Excerpted data section start
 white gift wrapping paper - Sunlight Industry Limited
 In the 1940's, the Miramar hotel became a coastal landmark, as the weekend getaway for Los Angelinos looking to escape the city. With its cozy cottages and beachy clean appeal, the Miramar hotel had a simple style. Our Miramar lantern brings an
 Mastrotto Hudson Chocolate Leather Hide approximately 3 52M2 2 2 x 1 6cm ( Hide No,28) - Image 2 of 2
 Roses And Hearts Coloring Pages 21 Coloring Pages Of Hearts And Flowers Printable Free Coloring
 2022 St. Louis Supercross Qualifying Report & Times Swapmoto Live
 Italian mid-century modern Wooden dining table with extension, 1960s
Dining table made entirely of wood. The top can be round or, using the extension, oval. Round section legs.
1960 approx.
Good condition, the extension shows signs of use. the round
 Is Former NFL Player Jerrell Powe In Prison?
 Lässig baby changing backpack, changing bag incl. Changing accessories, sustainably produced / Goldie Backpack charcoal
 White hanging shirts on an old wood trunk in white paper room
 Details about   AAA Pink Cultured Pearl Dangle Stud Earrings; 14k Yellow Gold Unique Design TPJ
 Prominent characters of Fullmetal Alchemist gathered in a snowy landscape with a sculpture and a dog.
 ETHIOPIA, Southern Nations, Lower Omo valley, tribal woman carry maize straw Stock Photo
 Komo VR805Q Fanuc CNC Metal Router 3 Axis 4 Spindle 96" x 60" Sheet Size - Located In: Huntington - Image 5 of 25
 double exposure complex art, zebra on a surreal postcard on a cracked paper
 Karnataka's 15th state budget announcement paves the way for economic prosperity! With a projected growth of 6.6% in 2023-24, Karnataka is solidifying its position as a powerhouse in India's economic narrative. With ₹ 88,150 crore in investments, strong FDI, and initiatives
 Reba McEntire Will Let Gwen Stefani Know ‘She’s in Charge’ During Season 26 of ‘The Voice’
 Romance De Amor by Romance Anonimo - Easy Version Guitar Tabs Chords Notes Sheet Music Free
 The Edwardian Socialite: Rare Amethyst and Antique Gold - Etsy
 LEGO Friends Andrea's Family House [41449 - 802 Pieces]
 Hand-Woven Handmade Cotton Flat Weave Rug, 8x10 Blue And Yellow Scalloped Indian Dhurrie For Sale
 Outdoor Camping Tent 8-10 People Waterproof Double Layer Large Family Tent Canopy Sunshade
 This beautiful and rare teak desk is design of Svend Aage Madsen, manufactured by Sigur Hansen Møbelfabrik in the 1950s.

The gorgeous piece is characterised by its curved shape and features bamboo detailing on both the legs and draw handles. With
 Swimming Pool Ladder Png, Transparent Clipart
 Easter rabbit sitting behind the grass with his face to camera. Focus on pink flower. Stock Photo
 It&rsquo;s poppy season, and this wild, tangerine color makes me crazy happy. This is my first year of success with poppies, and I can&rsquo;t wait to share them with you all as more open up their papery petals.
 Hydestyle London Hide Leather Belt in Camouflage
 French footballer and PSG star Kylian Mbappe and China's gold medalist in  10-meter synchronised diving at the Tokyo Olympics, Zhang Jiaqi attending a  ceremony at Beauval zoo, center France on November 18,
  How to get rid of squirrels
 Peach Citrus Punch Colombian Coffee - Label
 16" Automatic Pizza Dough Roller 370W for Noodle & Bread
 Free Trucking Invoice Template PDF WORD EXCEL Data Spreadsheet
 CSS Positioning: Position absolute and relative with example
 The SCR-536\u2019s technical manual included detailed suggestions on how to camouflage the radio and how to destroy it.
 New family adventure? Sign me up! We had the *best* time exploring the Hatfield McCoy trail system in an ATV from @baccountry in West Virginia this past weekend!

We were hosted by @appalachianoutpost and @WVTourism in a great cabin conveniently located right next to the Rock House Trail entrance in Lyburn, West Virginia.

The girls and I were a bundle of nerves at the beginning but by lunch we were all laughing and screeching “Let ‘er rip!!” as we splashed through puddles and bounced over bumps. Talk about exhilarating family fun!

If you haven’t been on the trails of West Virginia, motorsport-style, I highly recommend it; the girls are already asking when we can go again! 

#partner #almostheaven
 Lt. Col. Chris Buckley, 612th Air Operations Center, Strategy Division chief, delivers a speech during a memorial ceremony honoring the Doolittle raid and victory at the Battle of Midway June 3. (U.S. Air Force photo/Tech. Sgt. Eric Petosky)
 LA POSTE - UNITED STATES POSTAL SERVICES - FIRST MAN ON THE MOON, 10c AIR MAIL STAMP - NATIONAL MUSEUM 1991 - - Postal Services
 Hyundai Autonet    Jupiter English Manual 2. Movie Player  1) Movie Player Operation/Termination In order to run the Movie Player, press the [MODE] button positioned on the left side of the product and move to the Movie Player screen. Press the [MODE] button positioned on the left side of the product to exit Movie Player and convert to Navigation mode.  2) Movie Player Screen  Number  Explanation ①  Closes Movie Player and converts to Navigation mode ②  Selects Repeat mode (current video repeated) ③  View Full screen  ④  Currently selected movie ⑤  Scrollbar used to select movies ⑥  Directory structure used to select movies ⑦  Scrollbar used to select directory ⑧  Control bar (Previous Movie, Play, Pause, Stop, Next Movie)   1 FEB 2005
Excerpted data section end
Description of the task:
As the answer, set down only the lines from the data above between the one holding "In the 1940's, the" and the one holding "Karnataka's 15th state", inclusive, exactly as they read.

Answer space:
 In the 1940's, the Miramar hotel became a coastal landmark, as the weekend getaway for Los Angelinos looking to escape the city. With its cozy cottages and beachy clean appeal, the Miramar hotel had a simple style. Our Miramar lantern brings an
 Mastrotto Hudson Chocolate Leather Hide approximately 3 52M2 2 2 x 1 6cm ( Hide No,28) - Image 2 of 2
 Roses And Hearts Coloring Pages 21 Coloring Pages Of Hearts And Flowers Printable Free Coloring
 2022 St. Louis Supercross Qualifying Report & Times Swapmoto Live
 Italian mid-century modern Wooden dining table with extension, 1960s
Dining table made entirely of wood. The top can be round or, using the extension, oval. Round section legs.
1960 approx.
Good condition, the extension shows signs of use. the round
 Is Former NFL Player Jerrell Powe In Prison?
 Lässig baby changing backpack, changing bag incl. Changing accessories, sustainably produced / Goldie Backpack charcoal
 White hanging shirts on an old wood trunk in white paper room
 Details about   AAA Pink Cultured Pearl Dangle Stud Earrings; 14k Yellow Gold Unique Design TPJ
 Prominent characters of Fullmetal Alchemist gathered in a snowy landscape with a sculpture and a dog.
 ETHIOPIA, Southern Nations, Lower Omo valley, tribal woman carry maize straw Stock Photo
 Komo VR805Q Fanuc CNC Metal Router 3 Axis 4 Spindle 96" x 60" Sheet Size - Located In: Huntington - Image 5 of 25
 double exposure complex art, zebra on a surreal postcard on a cracked paper
 Karnataka's 15th state budget announcement paves the way for economic prosperity! With a projected growth of 6.6% in 2023-24, Karnataka is solidifying its position as a powerhouse in India's economic narrative. With ₹ 88,150 crore in investments, strong FDI, and initiatives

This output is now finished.